Big news coming in last evening: Google has decided to reorganise its businesses and spawn a new parent company named Alphabet. All of Google's projects will continue, but now Alphabet is running the whole operation.
Why the change? Google co-founders Larry Page and Sergey Brin say it's to allow each part of its business to focus on specific objectives. Writes Page, "Our company is operating well today, but we think we can make it cleaner and more accountable."
If you thought Google was getting a little too out-there with some of its efforts - like smart contact lenses and its life-extending company, Calico - so did Google, apparently. So those projects will now fall under the supervision of Alphabet and exist separately from Google, with Google CEO Page becoming Alphabet CEO and Brin serving as president of the new company.
"We’ve long believed that over time companies tend to get comfortable doing the same thing, just making incremental changes," writes Page. "But in the technology industry, where revolutionary ideas drive the next big growth areas, you need to be a bit uncomfortable to stay relevant."
What does this mean for Google? Well, the company will refocus precisely on what it does best: Internet-related endeavours. So that means Android, search, YouTube, Chrome, and everything else that already makes up its core business.
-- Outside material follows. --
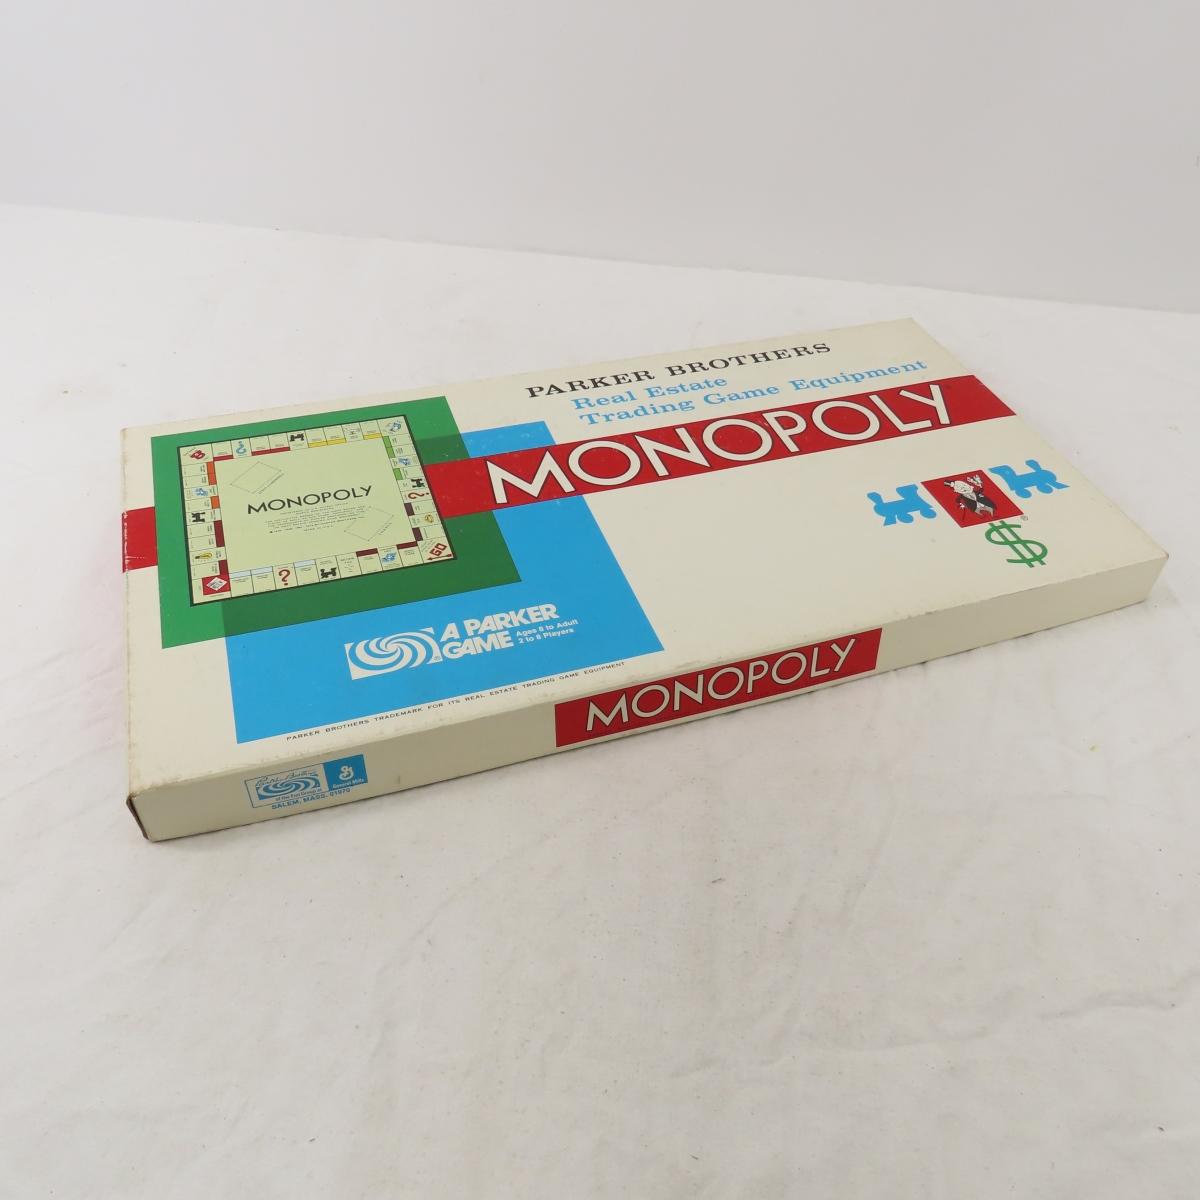 Vintage Monopoly and Fisher Price Record Player

Only now, Sundar Pichai - who has led the Android business through its biggest successes of late - will take over as CEO of the entire refocused Google.
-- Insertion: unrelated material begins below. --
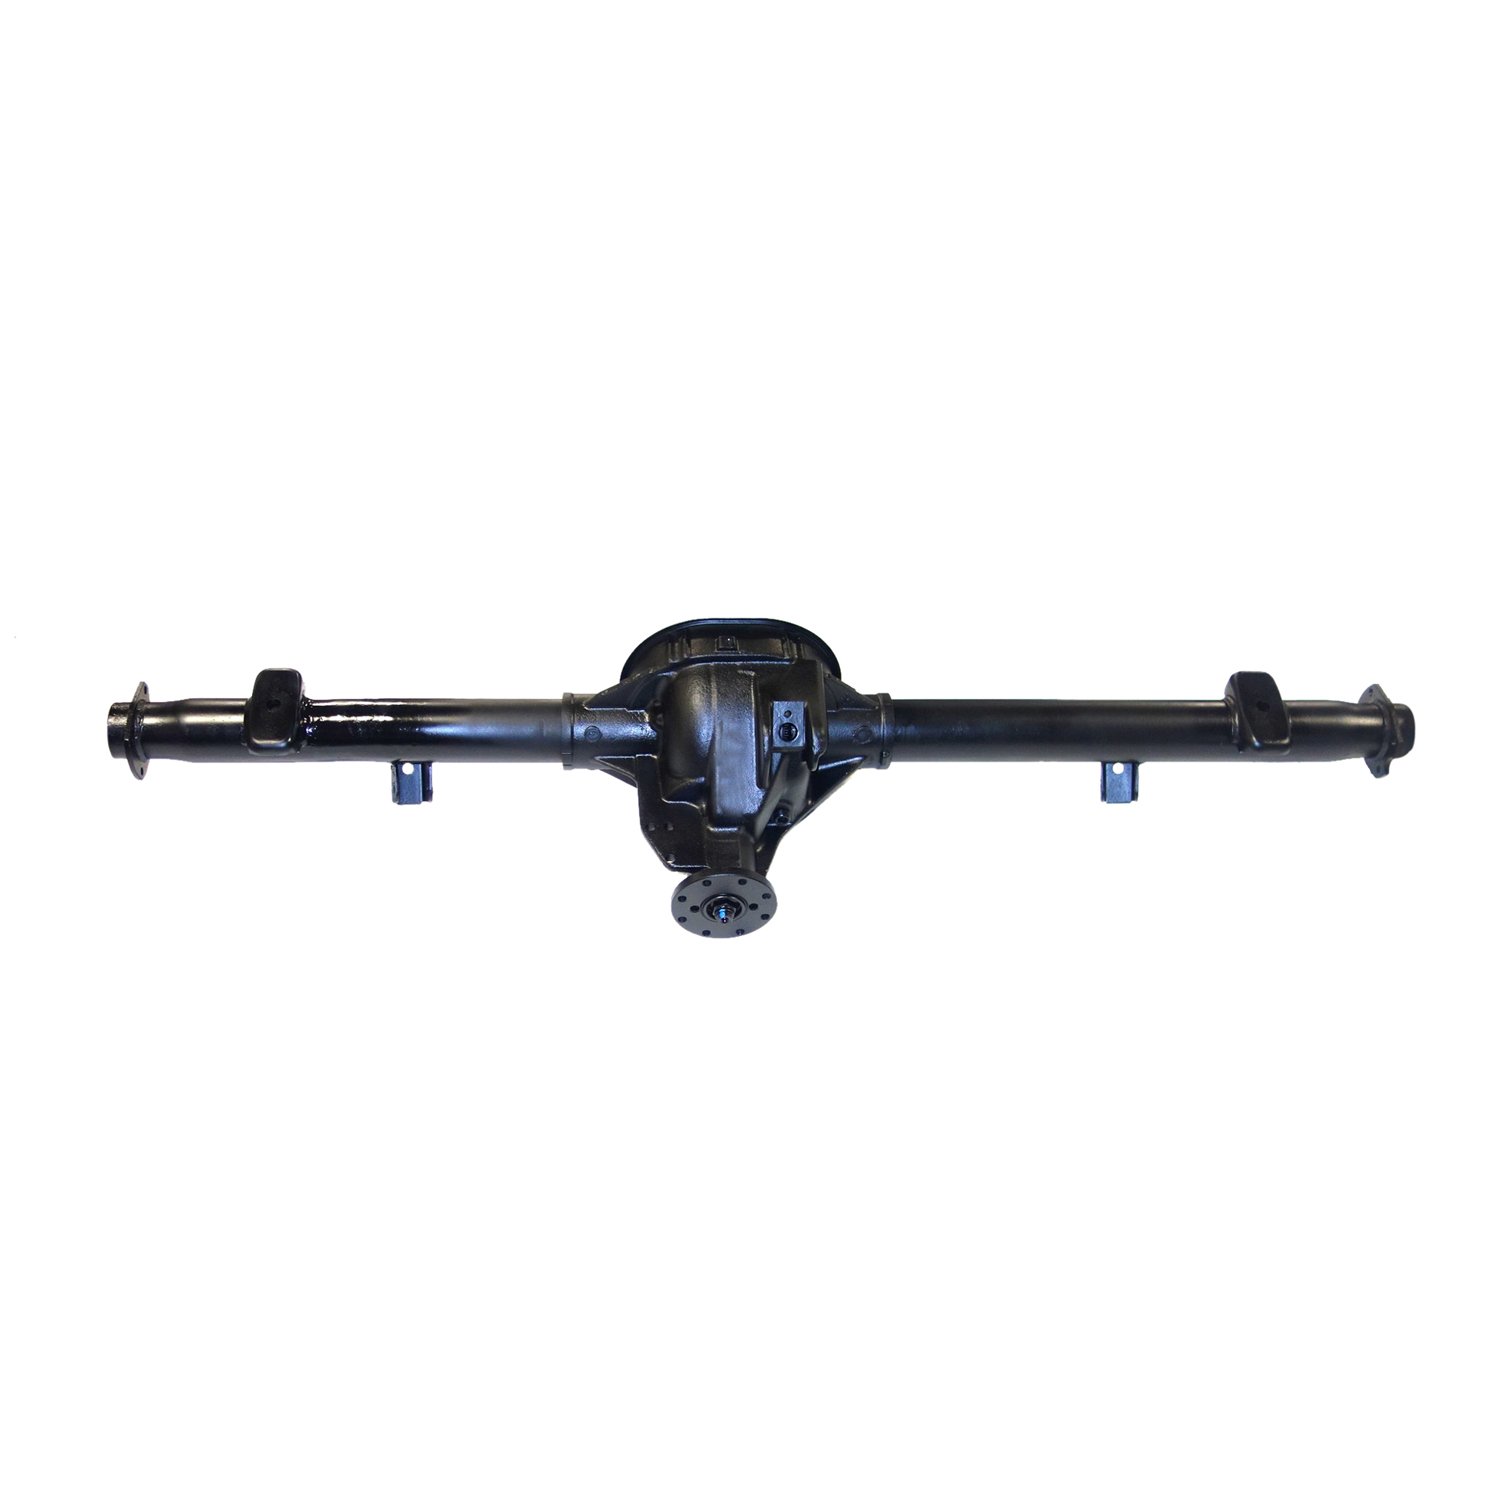 Remanufactured Axle Assy for 8.8" 2000 F150 3.31, Rear Disc, Posi LSD *Check Tag*

Most consumers and Google users shouldn't notice a thing: Google will trade under the Alphabet name in some stock markets, but when it comes to search and Android, the Google brand isn't going away. But Page says this transition will allow the overall company to "[get] more ambitious things done" and "[make] Google even better through greater focus."
Hard to argue with that. We'll let you know if we hear anything more about changes ahead.